An inquiry into the murder of an Asian teenager will look at why he was put in a cell with the racist who killed him.
Zahid Mubarek was serving three months for theft
Mr Justice Keith began proceedings with a minute's silence for Zahid Mubarek, 19, killed at Feltham Young Offenders' Institution in west London in 2000.
The High Court judge outlined issues to be investigated in a series of public hearings, to be held in September.
Decisions leading to "that critical cell allocation and any systematic failing" will be looked at, he said.
Opening proceedings at the Royal Courts of Justice, the judge said: "The initial focus of this inquiry is on the circumstances which led up to the attack on Zahid Mubarek.
"That will, in particular, involve an investigation into how he came to share a cell for a number of weeks with someone like Robert Stewart."

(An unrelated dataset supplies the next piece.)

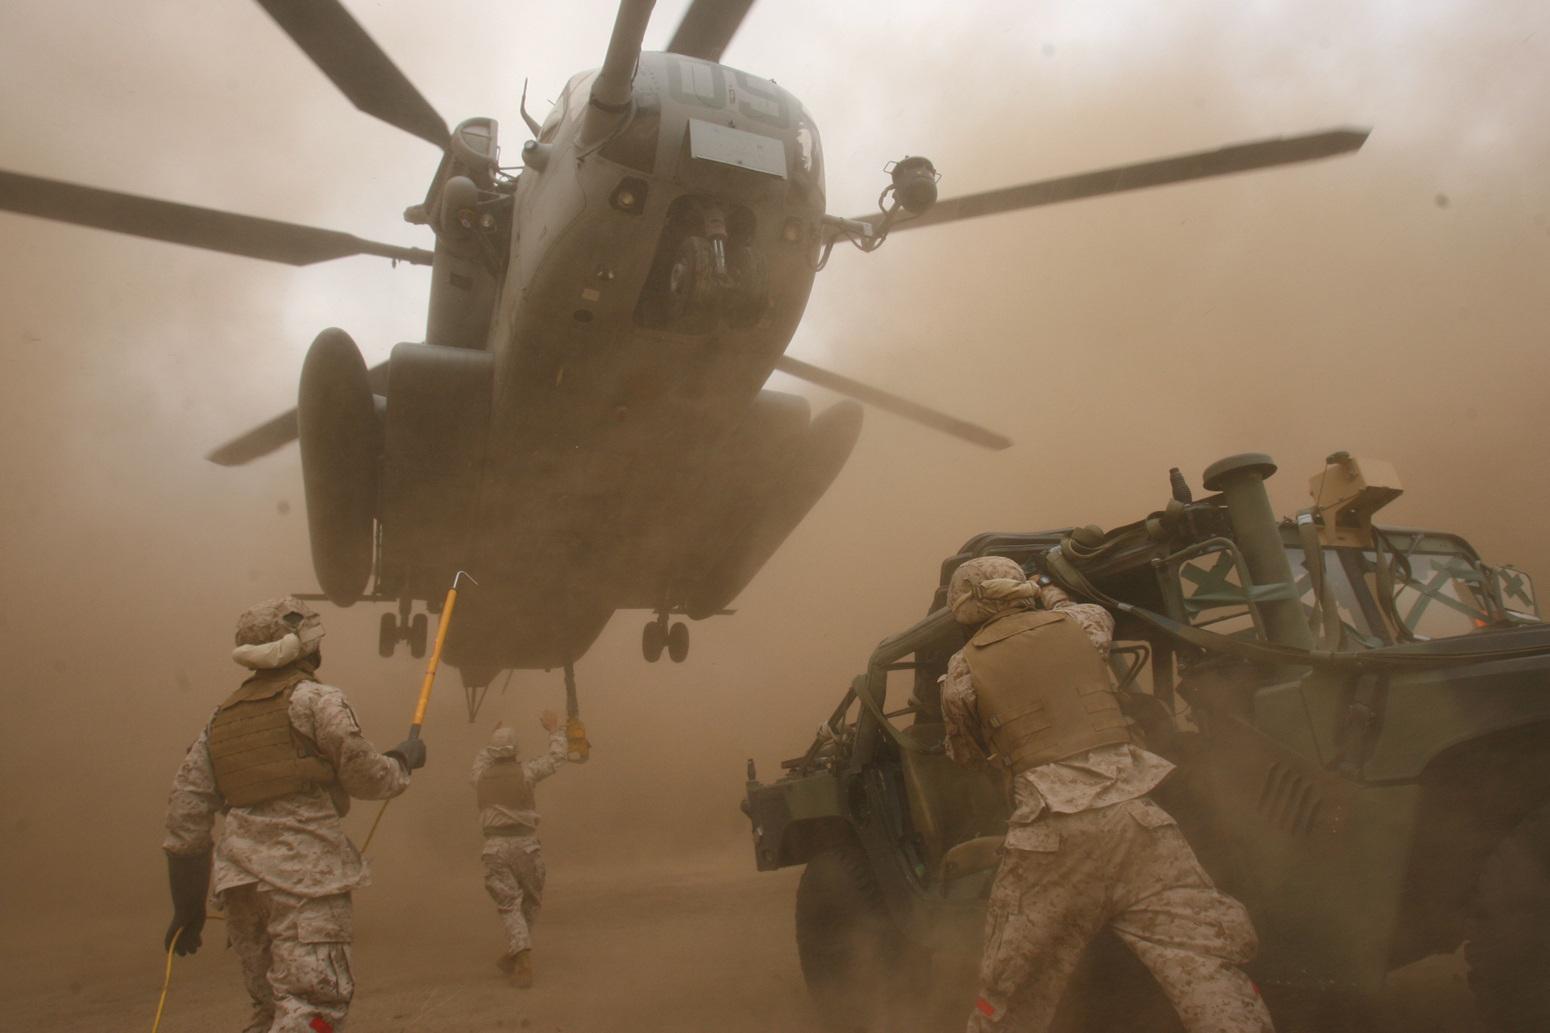 http://2.bp.blogspot.com/-Icwva8nIB9Q/UESxtruxV5I/AAAAAAAABF8/cCtZ8iKUYxg/s1600/military%2Bwallpapers%2Bhd%2B1.jpg

Psychopath Robert Stewart was jailed for life for murdering Mubarek
Stewart was jailed for life in October 2001 for the murder - he beat his cellmate to death with a table leg the day before Mr Mubarek's release.
Evidence presented at Stewart's trial showed he was a seriously disturbed individual with a Ku Klux Klan sign in his cell.
A Commission for Racial Equality (CRE) report in July 2003 found Mr Mubarek would not have died if he were white.
The director general of the Prison Service has already apologised to Mr Mubarek's parents, who attended the inquiry on Tuesday.
Family fought for inquiry
Imtiaz Amin, the teenager's uncle, welcomed the start of the inquiry which came after law lords ruled that the Home Secretary must set up the public investigation last year.
He said the family were disappointed the investigation was not a statutory inquiry which would give the judge the power to compel witnesses to attend.
"We feel that we haven't been supported by the Home Secretary," Mr Amin said.
"So much funding would have been saved had he given us the inquiry we asked for from the beginning."
The judicial inquiry will also look at any evidence suggesting race was a factor behind the decision to put Mr Mubarek in a cell with Stewart.
Three experts will advise Mr Justice Keith on issues relating to race, prison operations and matters affecting inmates.
The Mubarek family fought for four years for a public inquiry after one was initially refused by Home Secretary David Blunkett.